Previously, I had a completed, imperfect MS and then went back to redraft the whole thing as a unit. This time, it’s been a constant process of editing as I went along. I’m not sure which is the most useful way to handle editing and re-drafting, or whether I can manage this editing style when I have to return to a 5000 word a week schedule, rather than 40000 words in 50+ hours of one week like I’ve done this time.

I’m glad this book is done. It works as a stand alone story, as well as leading into a bigger cast of characters. I have 20000 words of the second in the series, which had been intended to be the first. That’s been sitting on my hard drive for about a year and will need a bit of a re-write to make it fit with what I’ve established in this, but it does give me an impetus to finish it now. I was stuck – it’s far more sexually explicit than the stuff I’ve written before,a nod there’s a big shift away from just spanking to more bdsm and power exchange stuff. I think I needed a lead-in to it, which is what the first novel is.  What that toys with, the second will jump straight into.

I’ve popped my bdsm cherry, so to speak, and now I’m ready to explore!

How does it feel to be an author?

For as long as I can remember I’ve had my head in a book. So much so, in fact, that my father lovingly called me Edna for the majority of my childhood. You know – short for Edna Book.  (It was better than his first nickname for me, which was Kojak. Both Telly Savalas and I suffered from a distinct lack of hair in the late seventies.)
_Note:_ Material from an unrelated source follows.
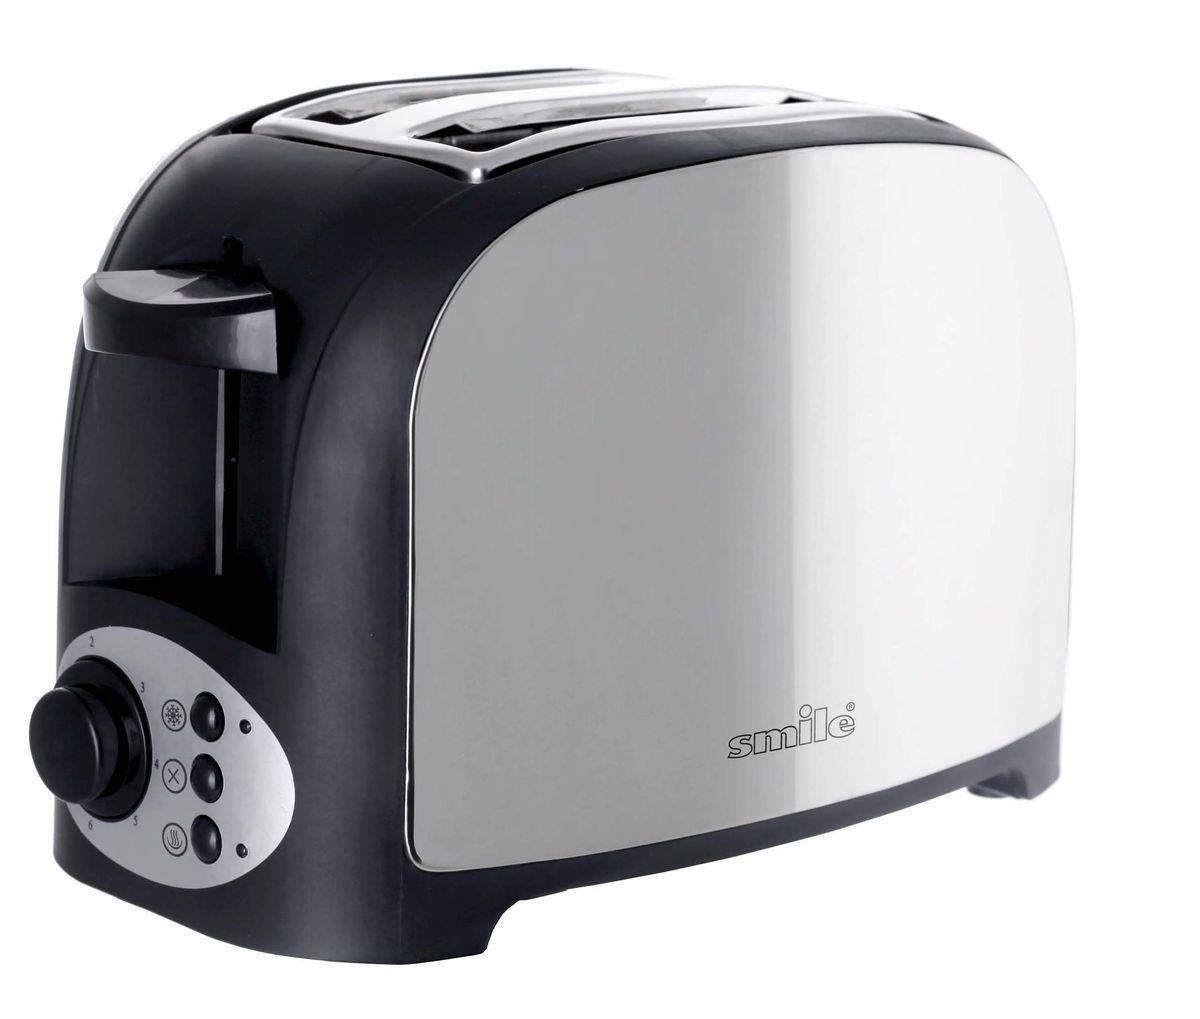 Smile ТА 1841, Black Silver тостер - Тостеры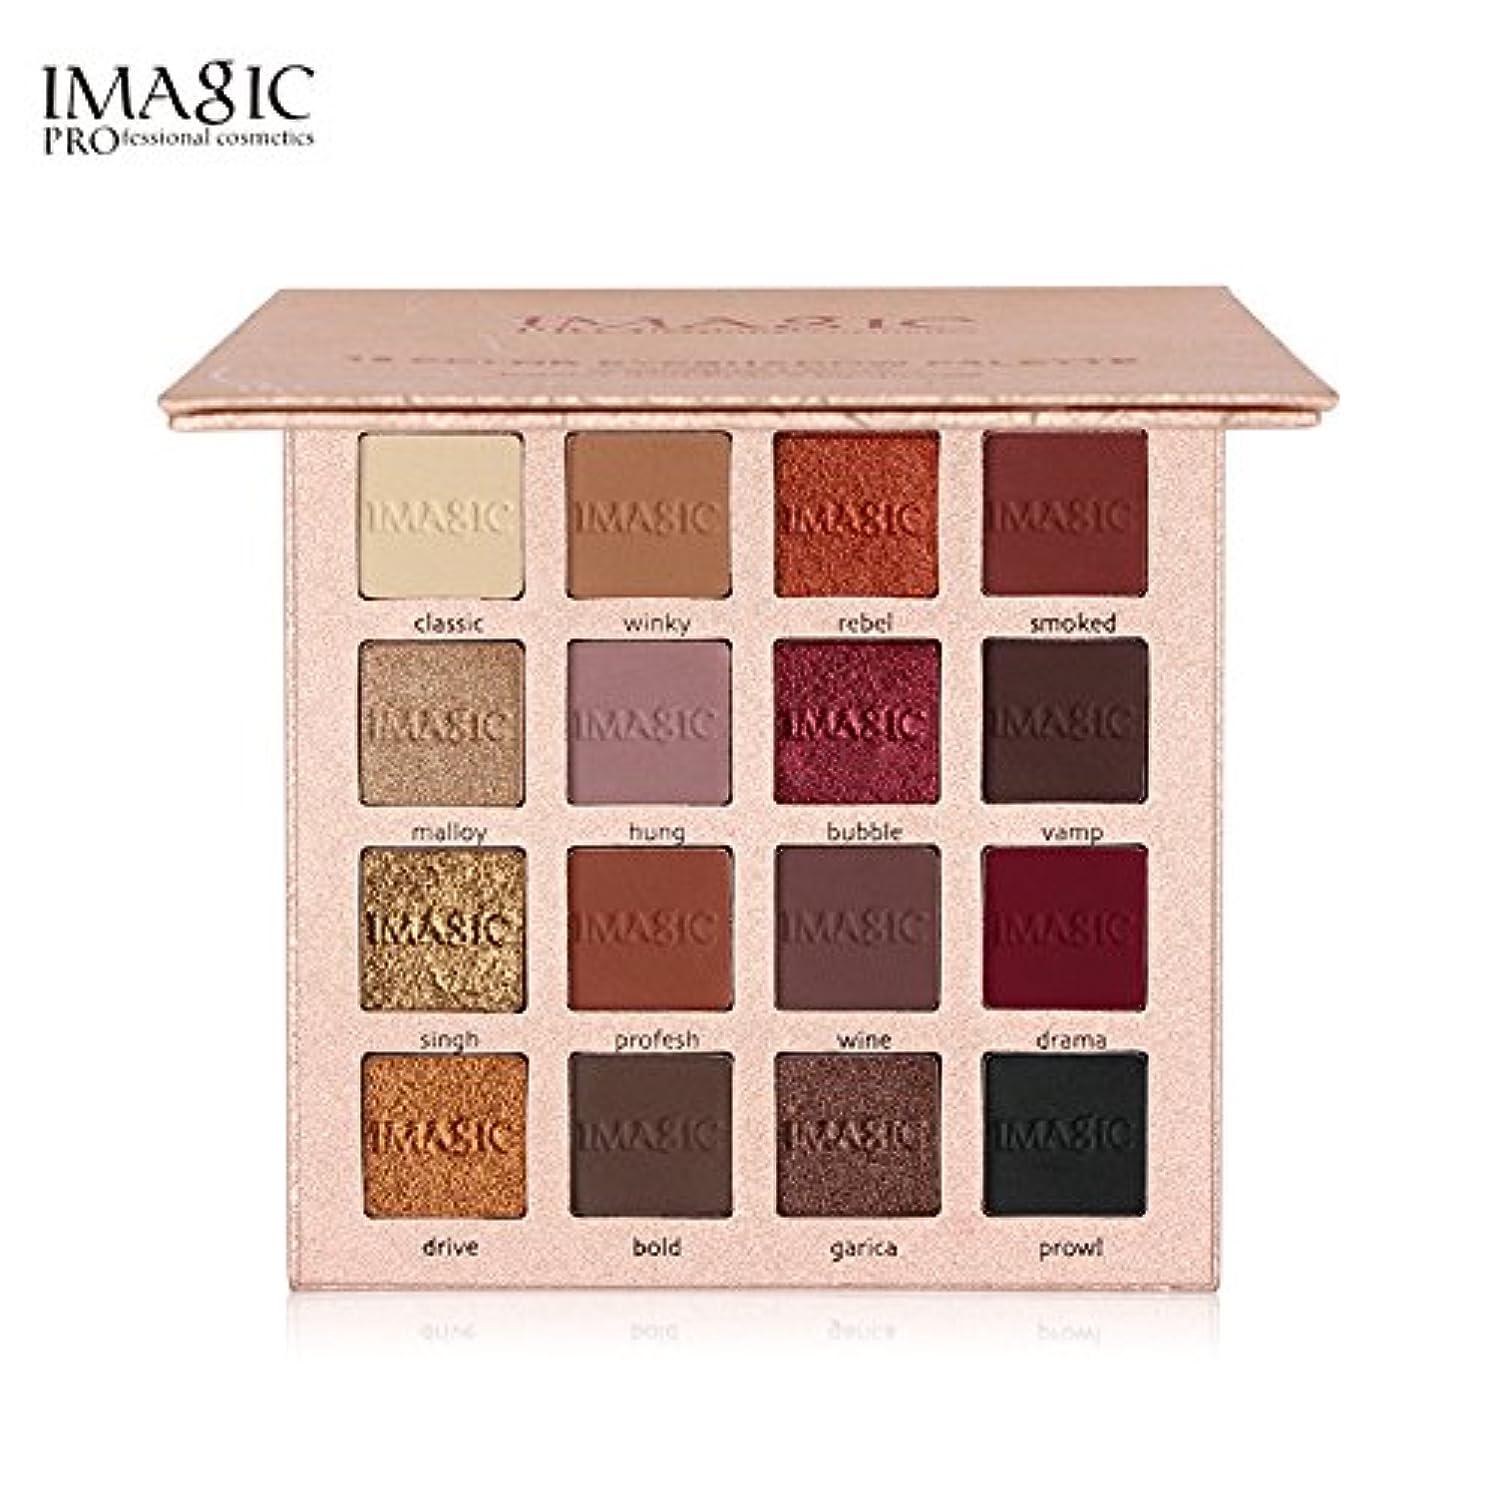 失敗ありがたい記憶IMAGIC New Arrival Charming Eyeshadow 16 Color Palette Make up Palette Matte Shimmer Pigmented Eye Shadow Powder

I read anything and everything I could get my hands on – pulp sci-fi, nineteenth century children’s books, murder mysteries, autobiographies, historical non-fiction, backs of cereal packets; you name it, I read it.

What at made me think I could write a novel? Is it because I read so many that the next natural step was to write one myself? Or is it true that all of us have a novel inside us, and mine just found an easy way out? There was none of Hemingway’s opening up of a vein and writing – all I needed to do was open a Word document.

Blushing Books have given me the biggest compliment anyone could – they looked at my silly little story and thought it was good enough to be made into a proper book. I’m still not quite sure how I managed to fool them into thinking I, or the book, was something that people would like to read.  Either they’re very stupid, or the book must be fairly good.

You don’t last long in the business world being stupid, and they’ve been around for a while. I suppose that means the book must be fairly good!

It’s a strange concept, that the words buzzing around inside your brain will be buzzing around in somebody else’s very soon.

I’m not sure I’m quite ready for it – but it’s too late now! The release date for Spanking The Governess (guess what it’s about, go on, guess) is September 11th 2015.  On that date I’m going to turn into one of the people that have brought me so many hours of pleasure over the years! I lurch between excitement and pants-wetting terror on an almost hourly basis.

Is that how a real author feels? I’m not sure. But it’s how this author feels.